To generalize the problem and state it more explicitly, we want to find an ordered set of K non-negative integers that add up to N chosen from all possibilities with equal probability.
None of the methods people have suggested above have equal probability for all the possibilities. I already talked about the bias in @i-draw-monkeys’s solution.
@SNICKRS solution has a bias towards the middle where the intervals are of similar size. It works by scaling random vectors drawn from a (hyper-)cube of size N and scaling them to project on to the (hyper-)plane so the components add to N. Consider the k=3 case where we’re projecting vectors chosen from a cube to points on the plane through (N,0,0), (0,N,0), and (0,0,N). Vectors that project to near the corners of that triangle, such as near (N,0,0) have a length up to N. Vectors that project to the middle, however, have length up to N*sqrt(3). In general there are sqrt(K) worth of vectors near the middle for each vector near the corners. So (25,25,25,25) is twice as likely as (100,0,0,0).
@glv’s solution is generally more uniform, but has several special cases that are not, namely it under-samples all the cases where one or more of the intervals is 0. The method picks K-1 points and then sorts them. If all K-1 points are distinct, there are (K-1)! ways to order them all of which map to a single result. If the K-1 points are not distinct, then there are fewer ways to generate that result. In the extreme, if they are all equal, there is only a single way to generate a given result. For instance, there is only one set of random values to generate (0, 0, 0, 100), but six ways to generate (1, 1, 1, 97). Specifically, the random points that lie along the diagonals are under-counted. Of the dozen places I found this algorithm mentioned on the web, none of them talked about this non-uniformity.
The fix for @glv’s is to pick not from a square, but from a box that is N x N+1 so that we duplicate the points along the diagonal. For 2D, that’s easy, but it gets extremely messy (I think) for higher dimensions. For 3D, you are picking from a N x N+1 x N+2 box and the index futzing just grows in complexity.

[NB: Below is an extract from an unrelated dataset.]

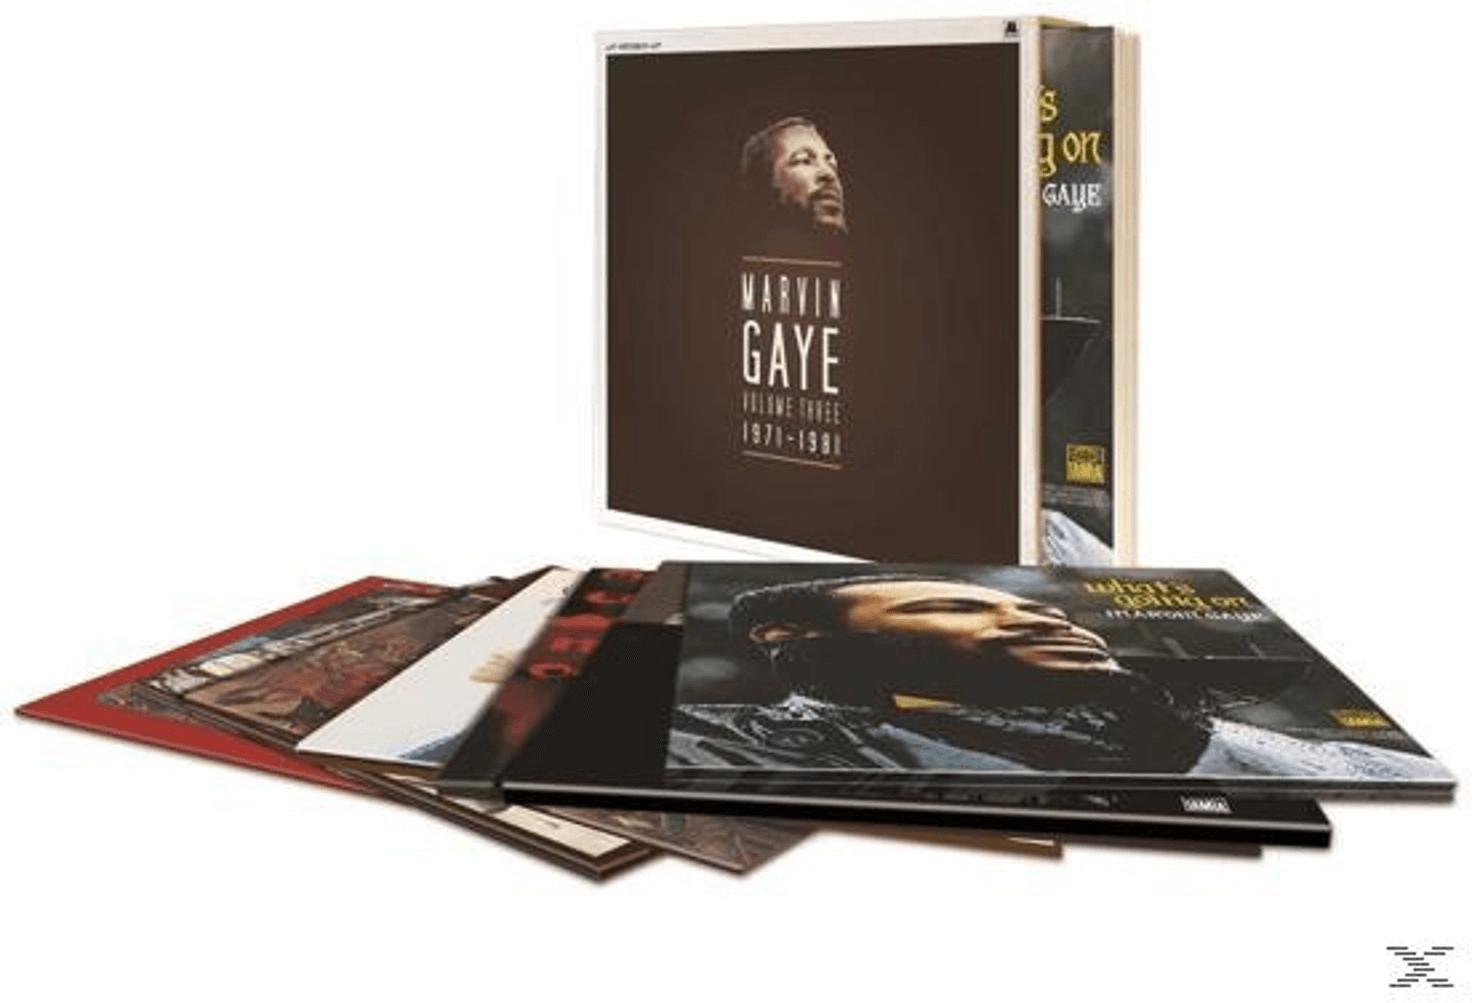 Marvin Gaye - Marvin Gaye Vol.3:1971-1981 (Ltd....
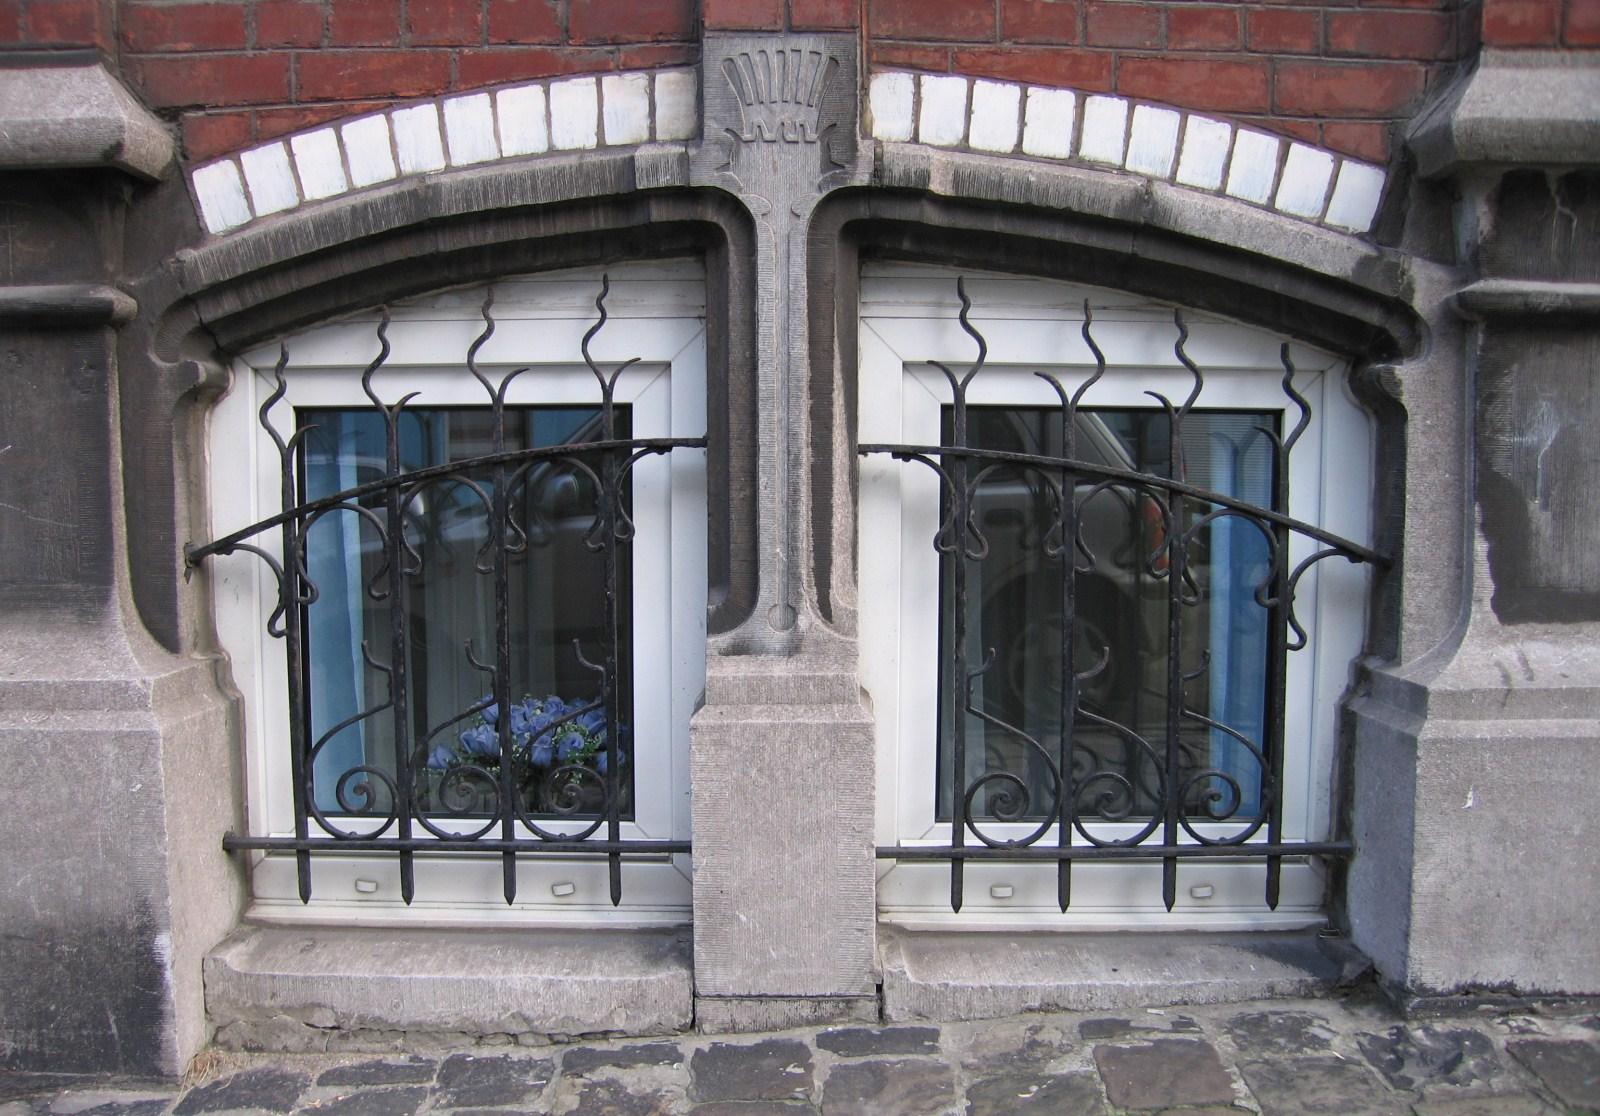 bruxelles extension est rue john waterloo wilson 42 aulbur antoine. Black Bedroom Furniture Sets. Home Design Ideas

I actually think that the method suggested by @i-draw-monkeys might be the easiest to fix. I’m just not sure of the math. For 2 intervals, we’re picking one number along a line which has simple uniform distribution. For 3, we’re picking from a triangle – first the height and then again along a line. The height might just need to be a power function of the random value to fix the distribution. For 4 we’re picking from a triangular pyramid and in general we’re picking from a (K-1)-simplex. So I’m suggesting that the solution might be as simple as replacing his random(N)
with (N+1) * pow( random(1), 3 )
. But it could be that the power should be 3/2 or something else.
In any case, here is a guaranteed perfectly uniform method: Initialize K numbers to 0 then loop N times incrementing a randomly chosen one. Runtime is O( N+K ) which is horrible for large N, but it’s completely unbiased.